3.- Olga.
Soy de esas personas a las que el rumor de una conversación, el televisor del vecino, o unas risas en la calle, pueden tenerme en vela toda la noche. Será por mi forma de ser o por los miedos sufridos en la infancia, pero el menor ruido me puede desvelar. A pesar de lo avanzado de la hora, no tenía sueño. Seguía con el traqueteo del tren metido en la cabeza y, cuando empezaba a relajarme con la lectura, el rumor de una agradable música despertó mi atención. Empezaba con un ritmo suave, marcado por unos leves acordes de guitarra, y seguía con una voz cálida y apacible: la voz de Simon y Garfunkel cantando Scarborough fair, de la película El graduado.
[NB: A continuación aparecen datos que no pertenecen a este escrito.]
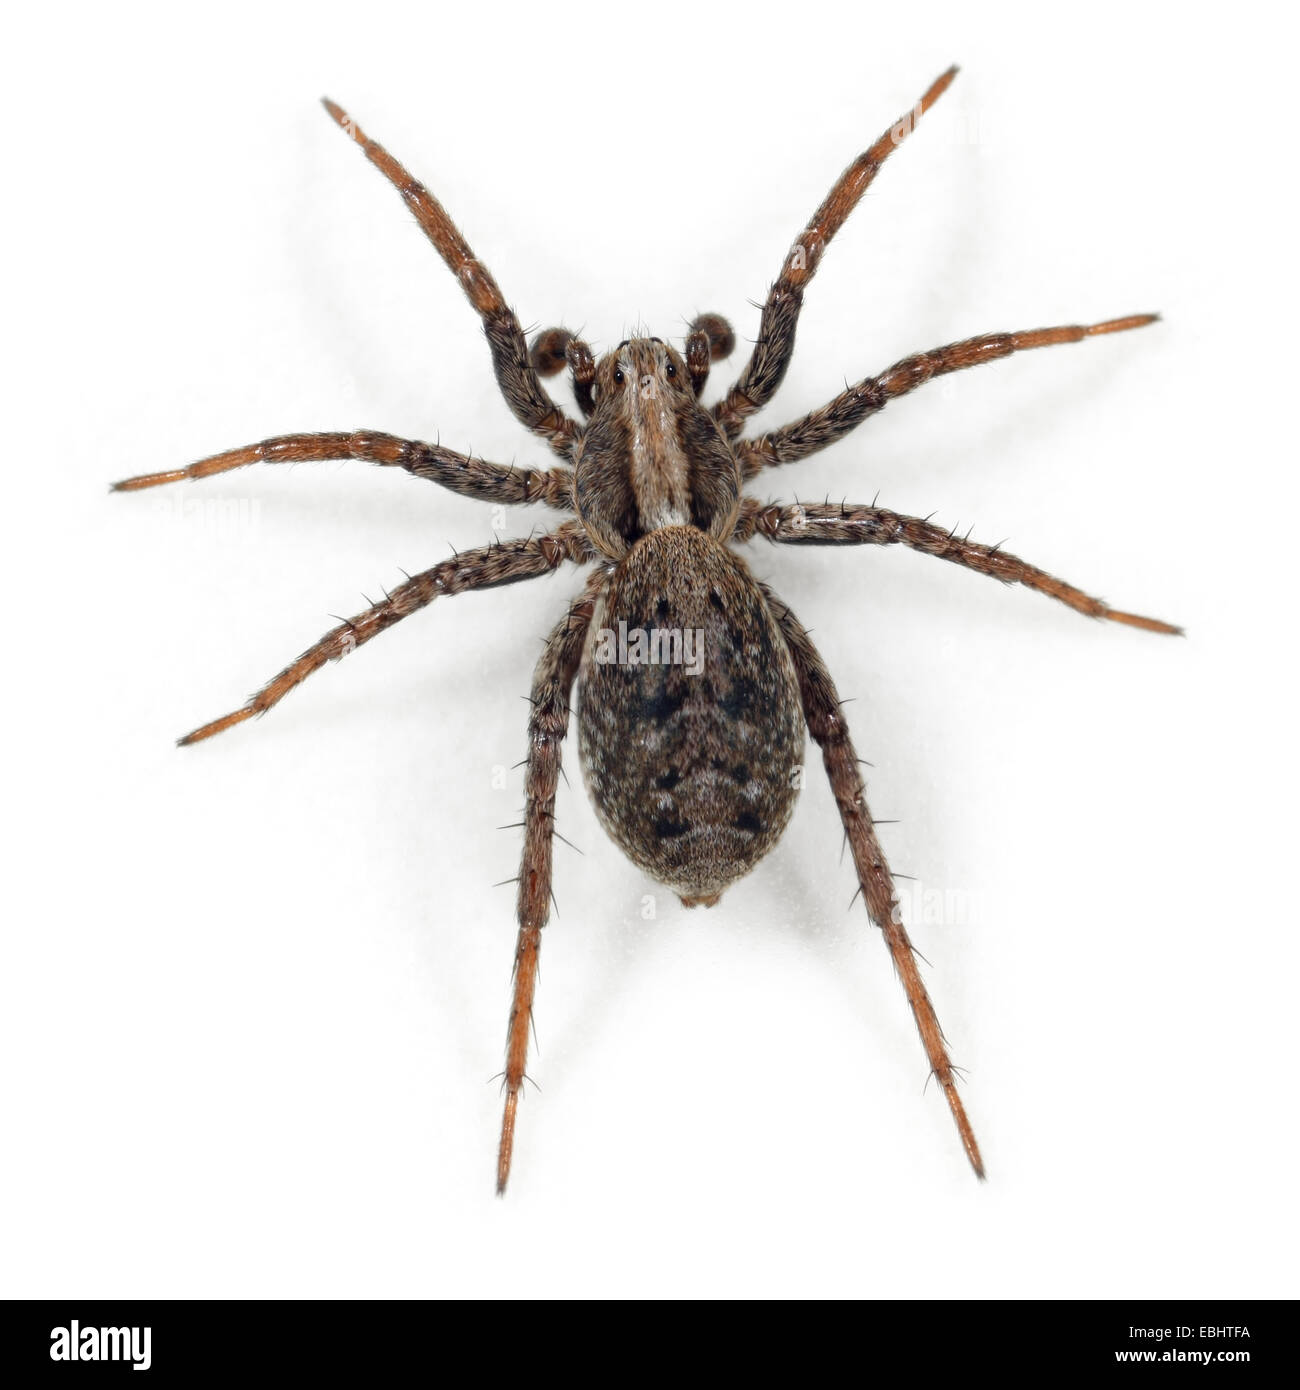 A subadult male Dune Wolf Spider (Xerolycosa miniata), on a white background, part of the family Lycosidae - Wolf spiders. Stock Photo

Cuando somos jóvenes, pensamos que algunas canciones se han escrito pensando en nosotros; aquella música transmitía una nostalgia que pocas veces había sentido. Me acordé de Marta, mi amor imposible de Valprados; encendí un cigarrillo y miré por la ventana a ver si adivinaba de dónde procedía la música. Es fácil comprender que no me hiciera gracia oírla a aquellas horas; pero estaba tan cansado que apagué la luz, me lo tomé con calma y procuré no alterarme demasiado. Oí pisadas en la habitación de arriba y caí en la cuenta de que sería alguno de los huéspedes, que escuchaba el tocadiscos sin preocuparse del sueño de los demás. Aquel fue uno de mis primeros contratiempos: acostumbrado al silencio del dormitorio del colegio, no me podía dormir. No sé qué hora sería cuando lo conseguí; pero al día siguiente, cuando vino “El Colilla” a despertarme, encontré el libro y el bolígrafo entre las sábanas. Lo encontré tan feliz como siempre.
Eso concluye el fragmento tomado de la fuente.